Al tiempo de realizarse el concurso, el joven tenía diez años, y era alumno de una Escuela de Grado Elemental. Luego pasó sucesivamente por los centros de Grado Medio y Superior de la misma institución privada, para ingresar más tarde en el primer ciclo de la Facultad de Ciencias de la Universidad de Tokio. Luego, hasta el momento de promocionarse ingresando en la Facultad de Arquitectura, su nombre aparecía en los catálogos de antiguos alumnos de la Escuela de Grado Superior. Pero en el siguiente catálogo publicado, al no haber él respondido a la encuesta, su dirección actual se daba como desconocida. Tras hacer indagaciones en la universidad, se averiguó que había dejado voluntariamente los estudios. En mucho tiempo no había tenido contacto ni siquiera con sus padres; y aun en el supuesto de que se encontrara bien de salud, era de suponer que llevaba una vida errática.

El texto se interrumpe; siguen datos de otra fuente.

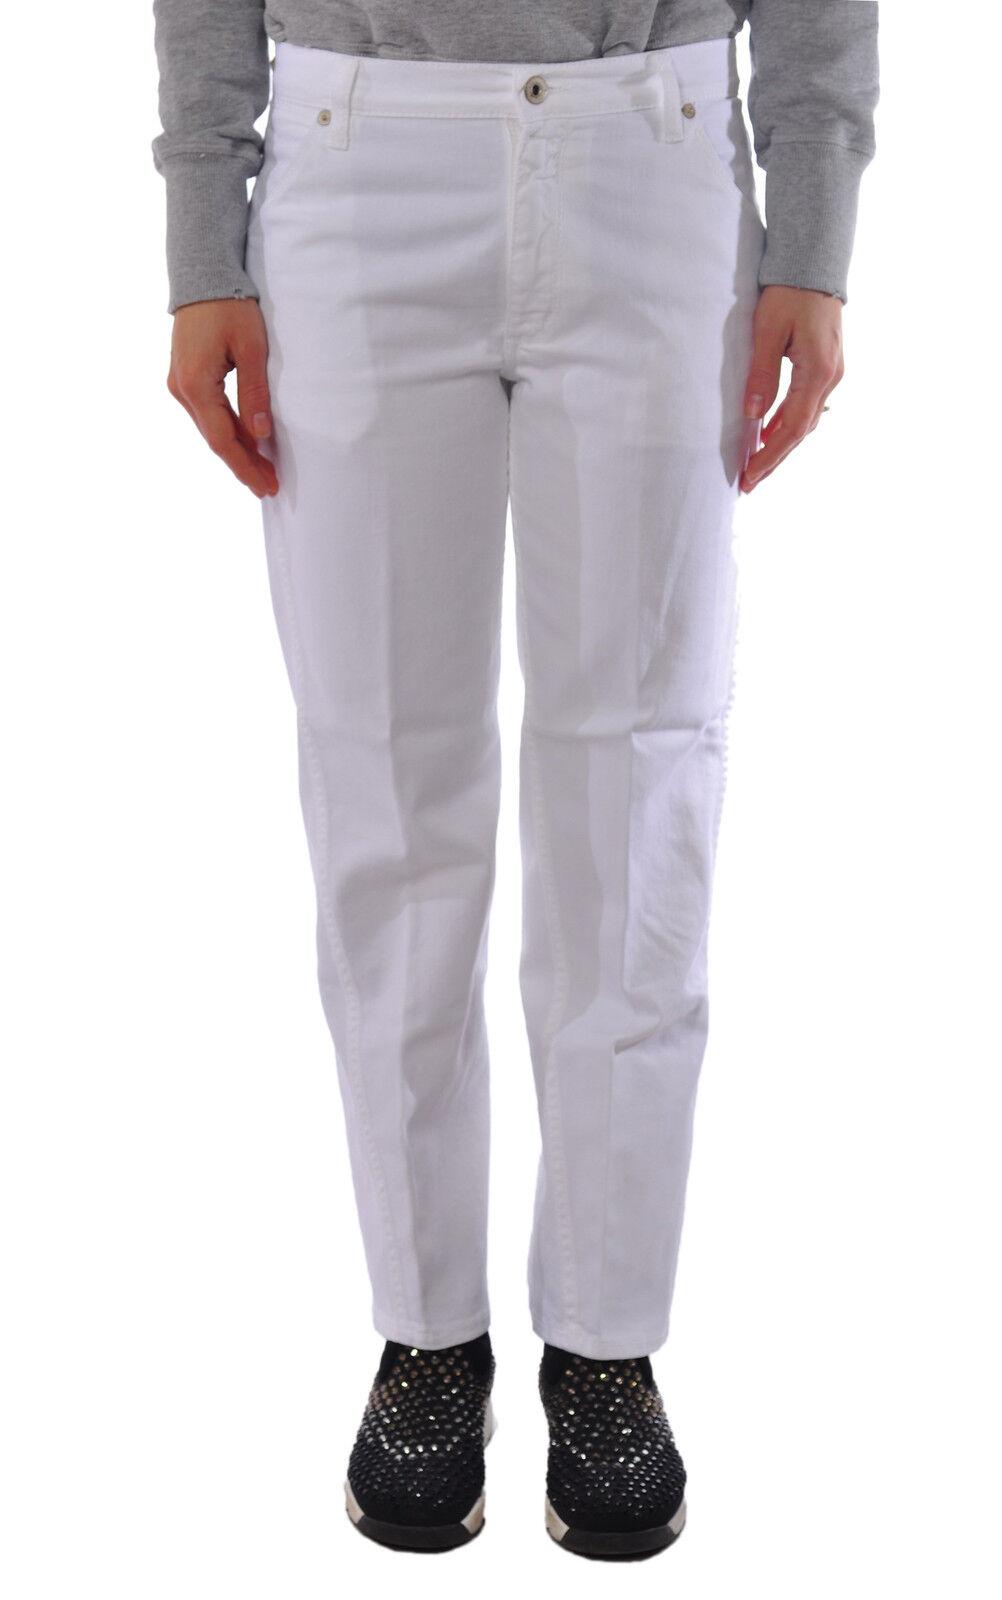 Dondup  -  Pants - Female - 28 - White - 1321604B162419

Pero, por otra parte, el periodista declaró que, tratándose de la joven, sí sabía cómo contactar con ella, ya convertida en persona adulta. Antes de escribir aquel primer artículo del recuadro, naturalmente intentó entrevistar al joven, pero, ya fuera porque éste se negó, o bien porque tampoco la familia se mostró a favor, su propuesta fue rechazada. En tal situación, escribió el artículo basándose en las palabras de la joven. Al periodista, incluso, le había llegado una tarjeta de felicitación de Año Nuevo enviada por la madre de ella -que, al presente, residía en Hokkaido-. Todo esto era cosa de unos años atrás; pero allí se decía que la hija se había marchado a Tokio, llevada por su deseo de convertirse en bailarina profesional, y que, como se hacía constar su lugar de residencia en Tokio y demás detalles, era posible localizarla.